Treading sweat on treadmill, resisting resistance training
Tue, 02/06/2007
Join a gym, my doctor ordered.
Being a gym rat is so, not me. I've spent my life avoiding exercise.
Even at Sunnydale and Sunny Terrace grade schools, recess was my worst subject.
At Highline High, Drill Sgt. Wendell, my P.E. teacher, made every school day a living hell for me.
Marge offered to join the health club with me.
But I don't know how much moral support she can provide.
Marge was usually a team captain in P.E.-a real teacher's pet, I bet:
"Oh, oh, Miss Landers, can I put away the balls? Where should I drag the mats? Why don't I untangle the ropes?"
In her twenties, she starred on the "Chico Chicks" parks and rec women's basketball team in California.
Another way to explain the gap in our athletic prowess: Marge was always the pitcher; I was always the right fielder.
Anyway, we decided the most important first step was buying fashionable sweat pants.
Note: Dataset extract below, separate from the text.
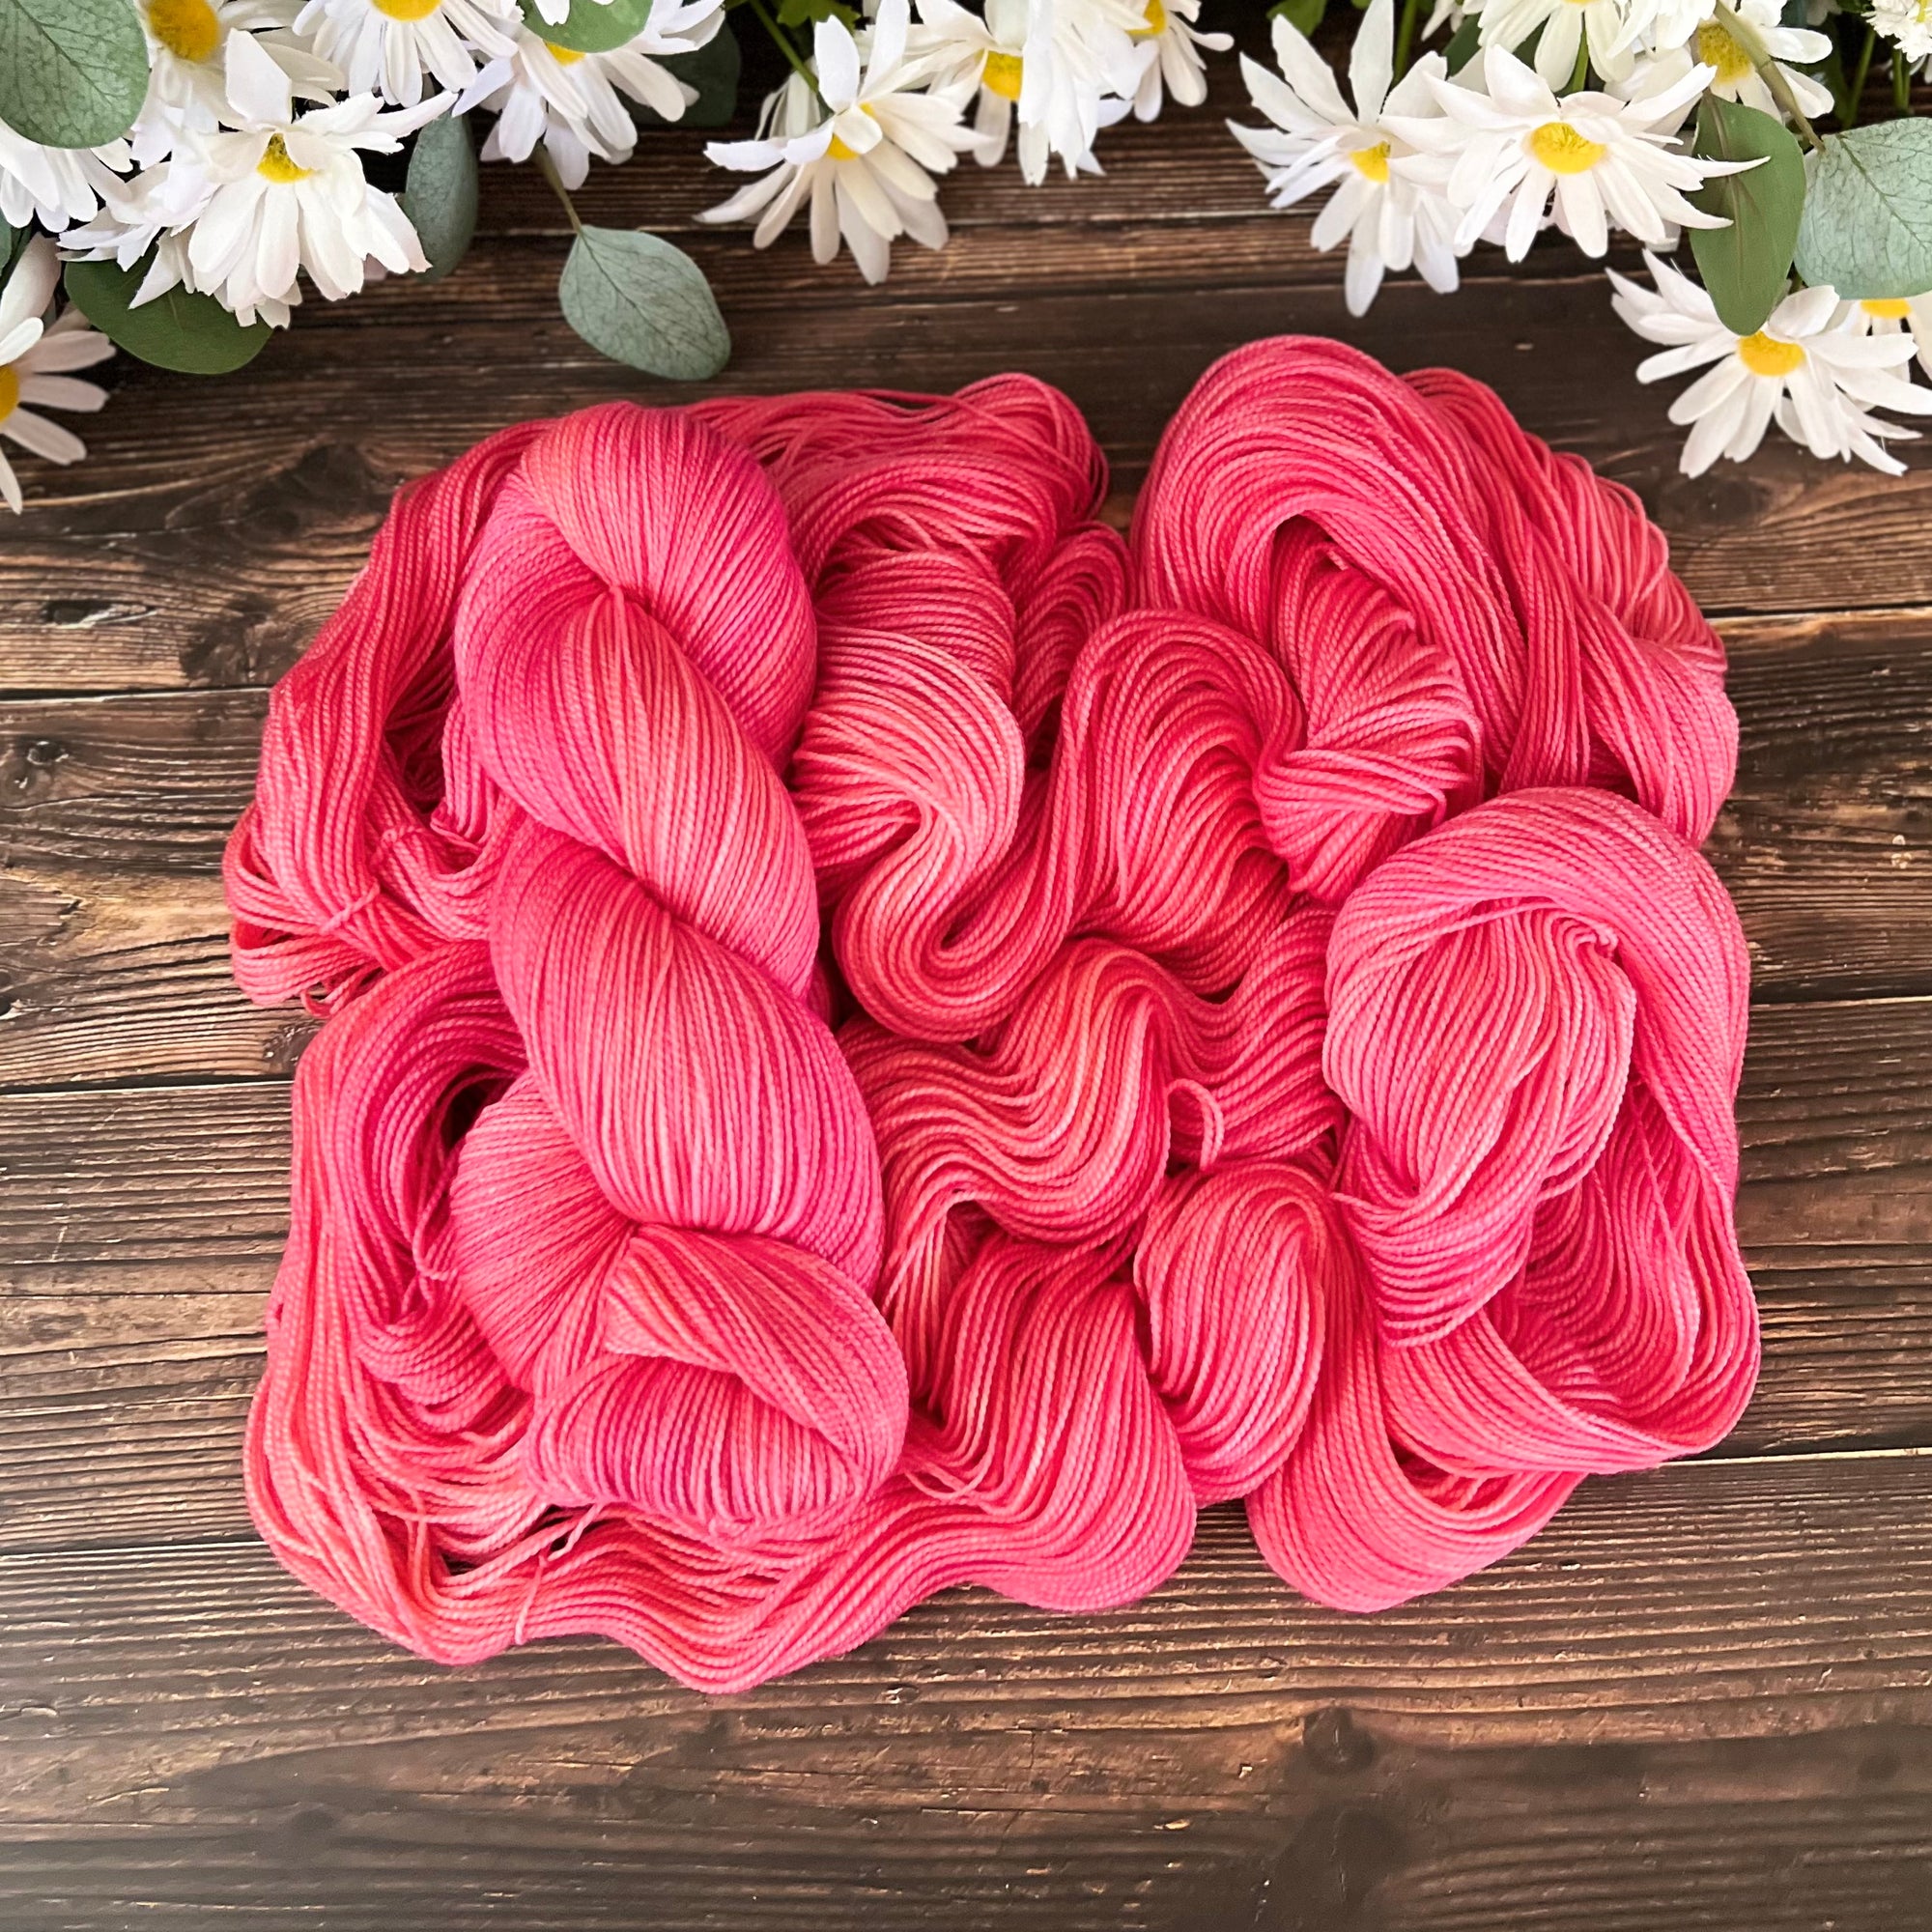 "Sunkissed" Hand-dyed Yarn

That meant long shopping trips to Big 5 Sports and Sports Authority.
My new pair of sneakers also was not good enough. I had to buy cross-training shoes.
What's the difference between sneakers and cross-trainers? Oh, about 30 bucks.
As it turned out, our fellow fitness club members just wore ratty old junk they pulled from the back of their closets.
We didn't check out the dress code on singles night.
For our orientation, we picked a petite, perky personal trainer.
Marge figured she would be less intimidating than the hulk with a bowl haircut and a muscle shirt.
I sensed she was the Energizer Bunny type who would demand we "cardio" all day long. Demonstrating the weight machines, she flashed a pretty good set of biceps, too.
Her business card listed a B.S. in "Exercise Science" from Eastern Washington University.
I dismissively imagined her senior project was completing 400 sit-ups in one class period.
However, she explained her course work included classes in kinesiology, the science or study of human muscular movements.
So, you dudes that are still in high school, even if your career ambition is to work at a gym slapping on the bronzing lotion and flexing your pecs, you gotta pass advanced science and math.
After the orientation, I strolled along for a while on a treadmill while those on neighboring machines sprinted marathons.
I found the elliptical machine to be like a Universal Studios ride.
The weight machines are right out of a torture laboratory making me very resistant to resistance training.
Marge listens to audio books while exercising. Like most women, she's used to multi-tasking so she gets bored just doing one thing.
I sometimes listen to my Walkman (advanced technology) to drown out the treadmill sounds.
But I can also stay occupied just trying to keep track of what I'm doing:
"Now was that 11 or 12 repetitions? Is it breathe in while extending or breathe out? Was that just my 13th repetition?"
Staring at the amazing feats of my fellow fitness club members can get me into trouble.
Like the young woman doing incline sit-ups while tossing a medicine ball to her companion:
"Buzz off, Pops."
Or the 80-year-old guy lifting the heavy weights:
"What you looking at, Sonny?"
So I've become one of those annoying coworkers I've always hated who sanctimoniously stash a gym bag on their car's front seat. When you walk by their vehicle, you can't miss it.
We've just started so we'll see how it goes.
I sure hope our trainer isn't right that, after the first two weeks, we'll be too sore to sit on the commode.